Birleşmiş Milletler'deki sistemin şu anda paralize olduğunu kaydeden Abu Gazaleh, "Sistemi insan haklarına saygı duyan bir sisteme dönüştürmek ve bir reform yapmak gerekiyor. Etkili ve demokratik bir yapıya kavuşturulmalı. Sadece böyle bir sistem ülkeler arası eşitlik ve adaleti sağlar. Adalet için herkesin eşit bir şekilde temsil edilmesi gerekiyor. Herhangi bir devletin kendisini başka devletten üstün görmemesi lazım. Demokrasinin temelinde insanların birbirleri ile kurduğu saygı temelli ilişkiler yatar. Ülkelerin kendi içerisinde demokrasilerini yürüten saygı, mutlaka ülkeler arasında da olmalı." ifadelerini kullandı.
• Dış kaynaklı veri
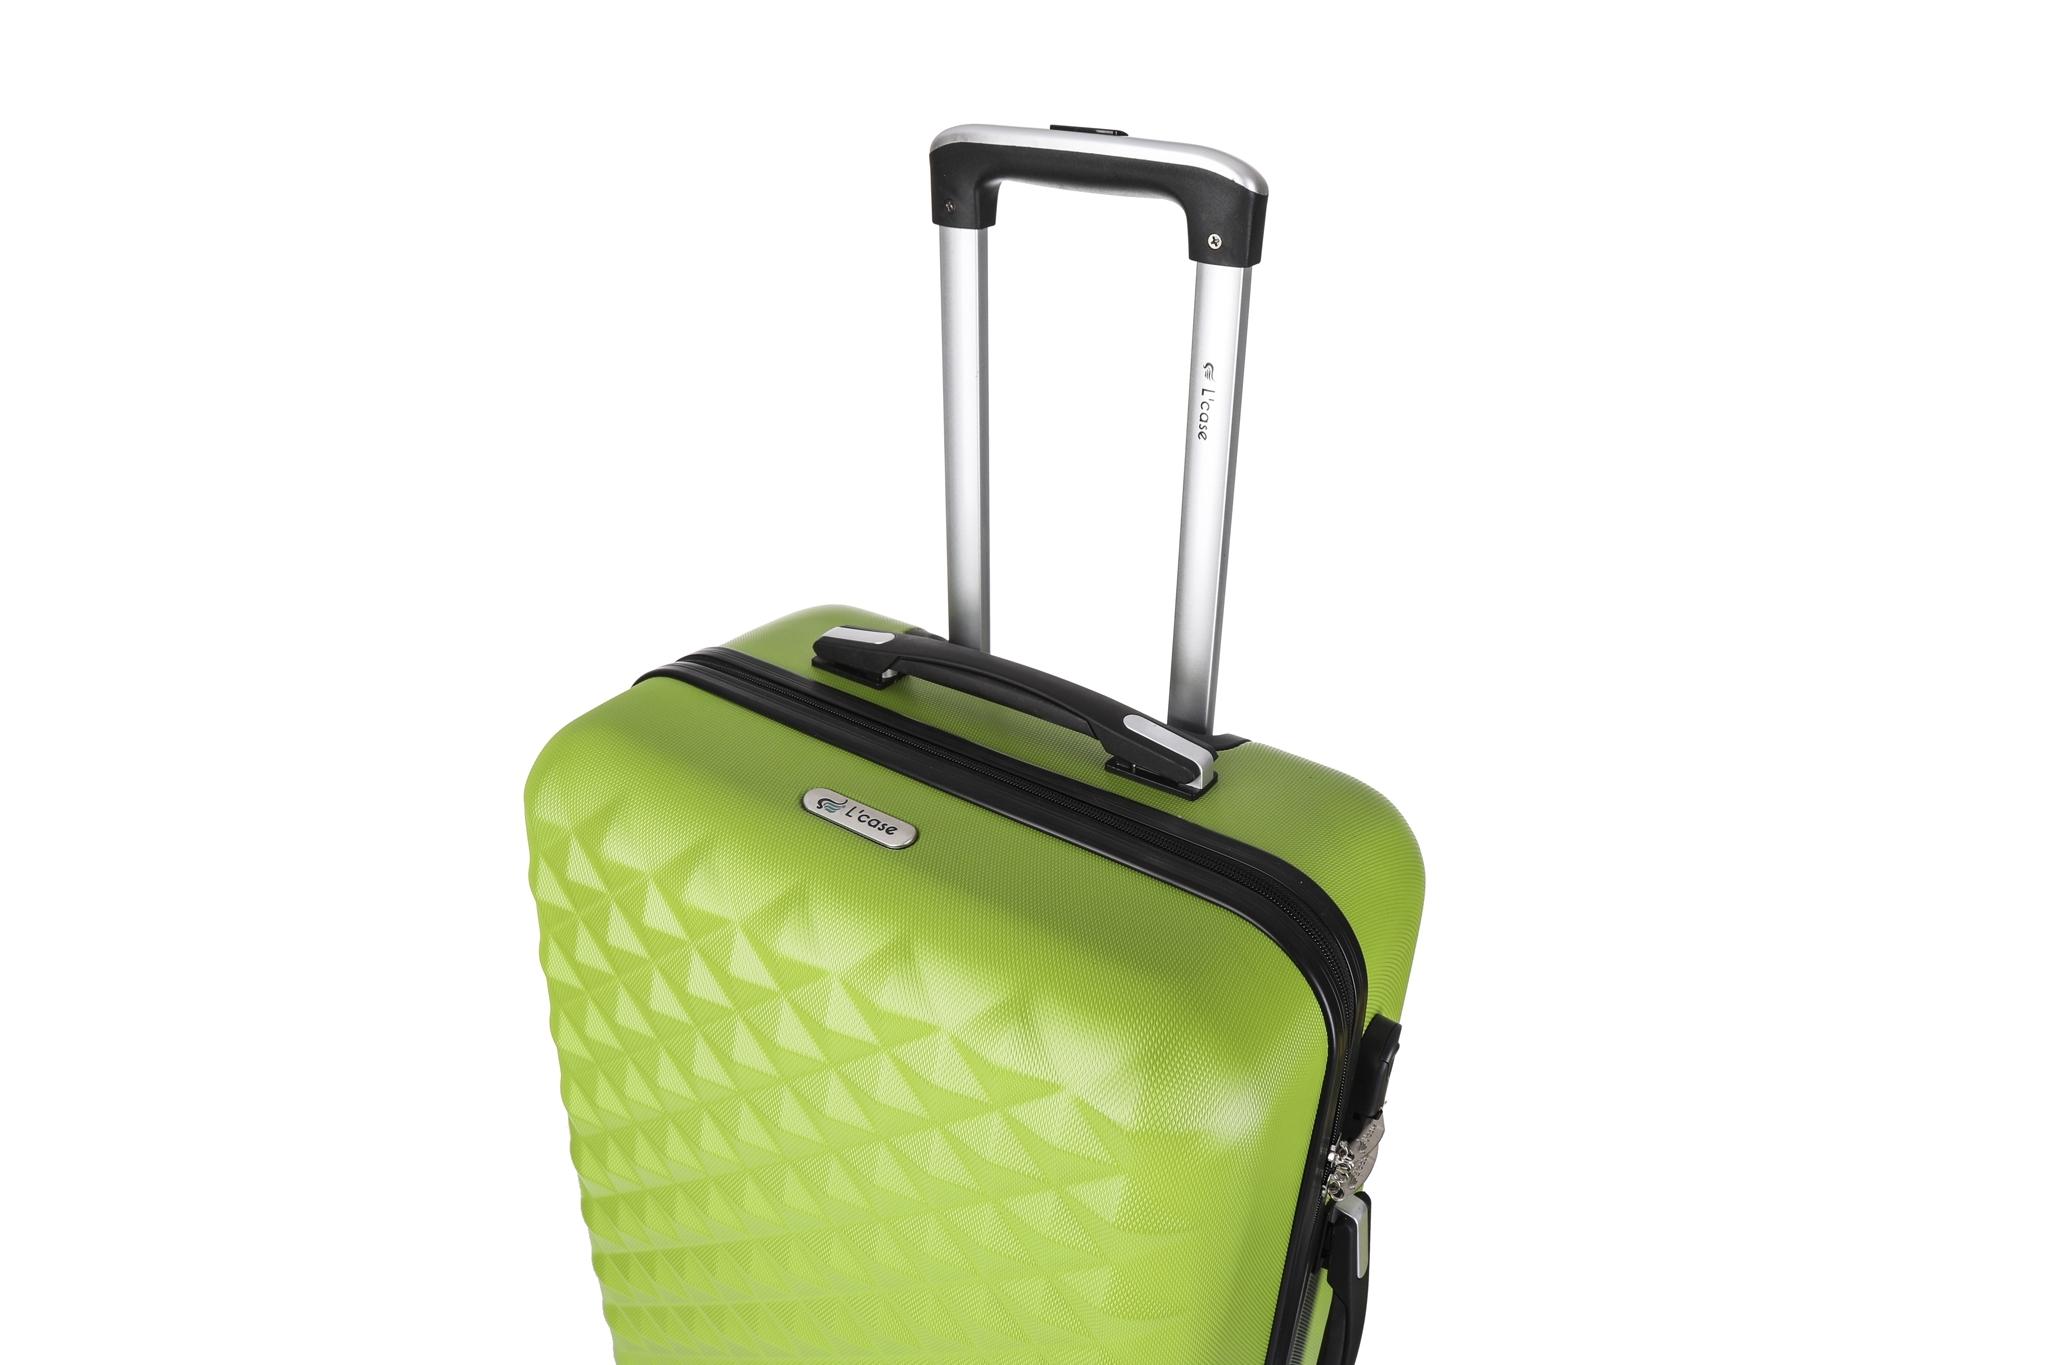 Чемодан со съемными колесами L'case Phatthaya-28 Зеленый (L)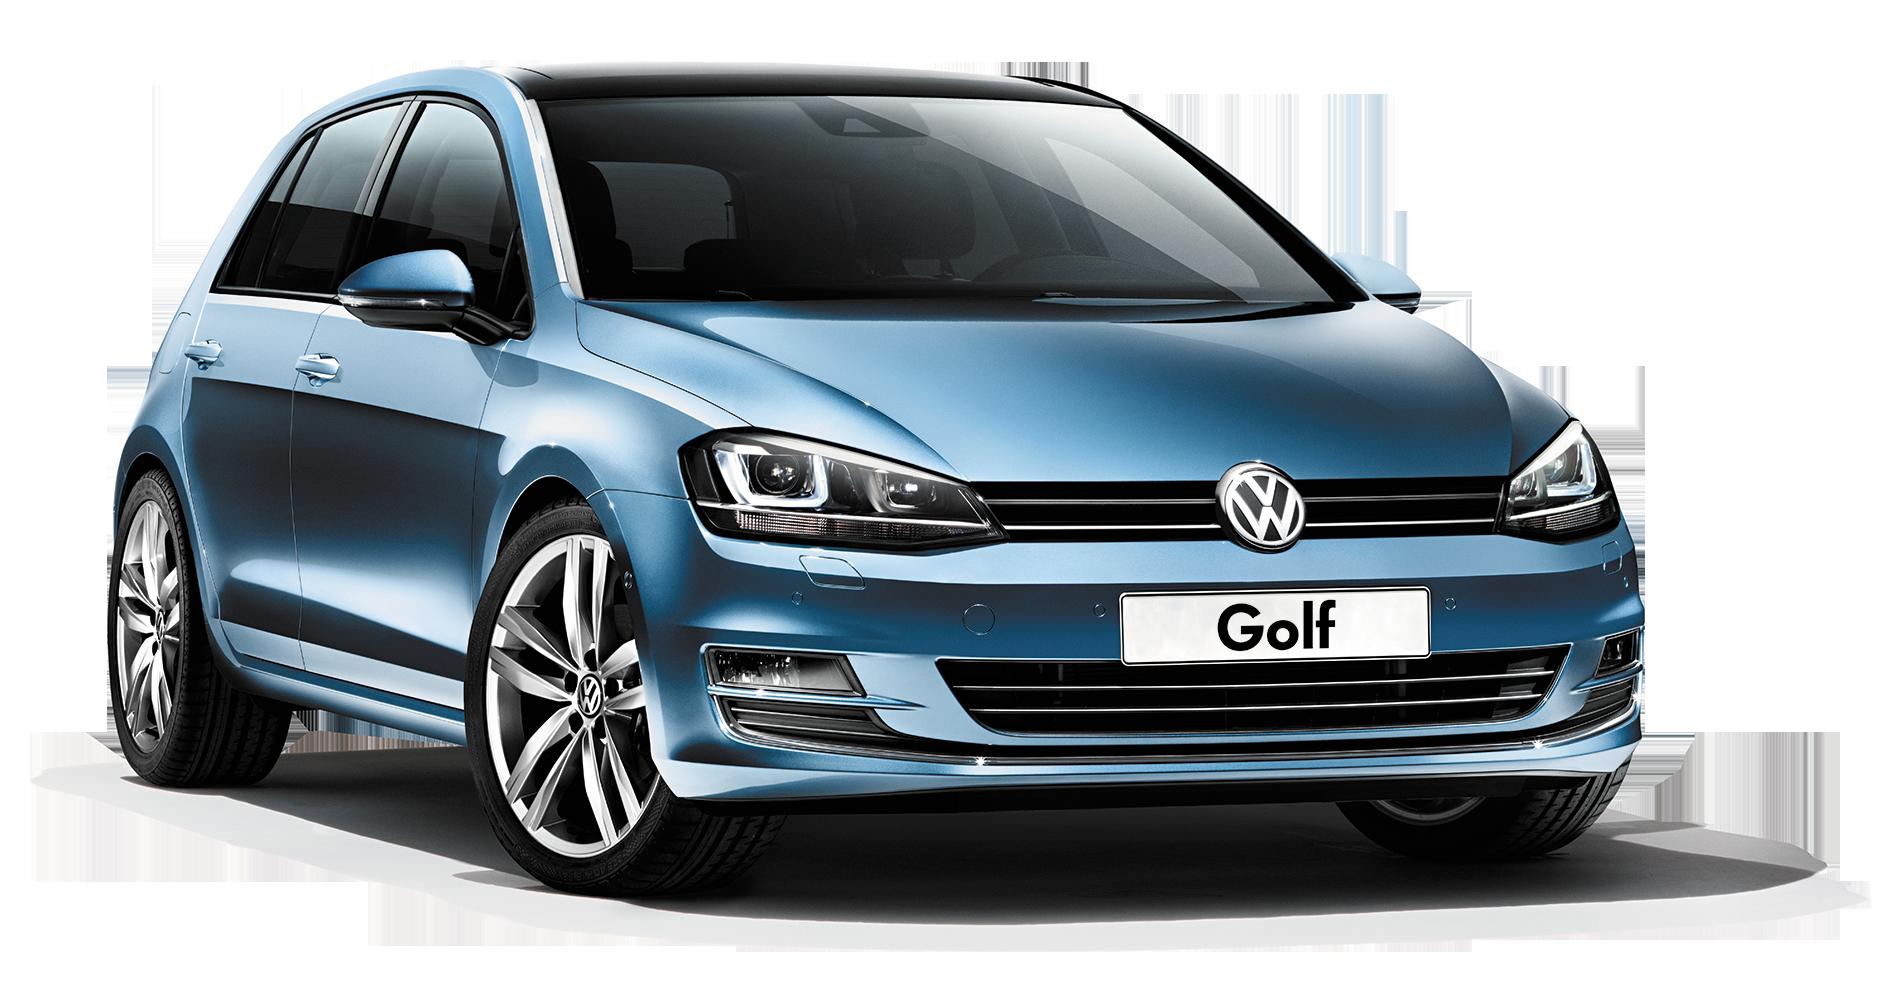 Golf car clipart graphic transparent Volkswagen PNG Picture | Web Icons PNG graphic transparent

Ortadoğu'yu etkisi altına alan mevcut sıkıntılı ortamda Boğaziçi Zirvesi'nin teması içerisinde yer alan 'barış' konusunun kendilerine umut verdiğini anlatan Abu Gazaleh, "Şu anda daha çok zorluk ve daha az umut içerisindeyiz. Bunu kabul edecek miyiz yoksa her şeyi daha iyi yapma çabalarına devam edecek miyiz? Dünyadaki kaynakları adilce ve bencil olmayan şekilde kullandığımız sürece dünya her birey için daha ideal bir yere dönüşür, daha ilerleyici bir yapı oluşur. Biz barışın dünyaya hakim olmasını ve gelişmesini istiyoruz." diye konuştu.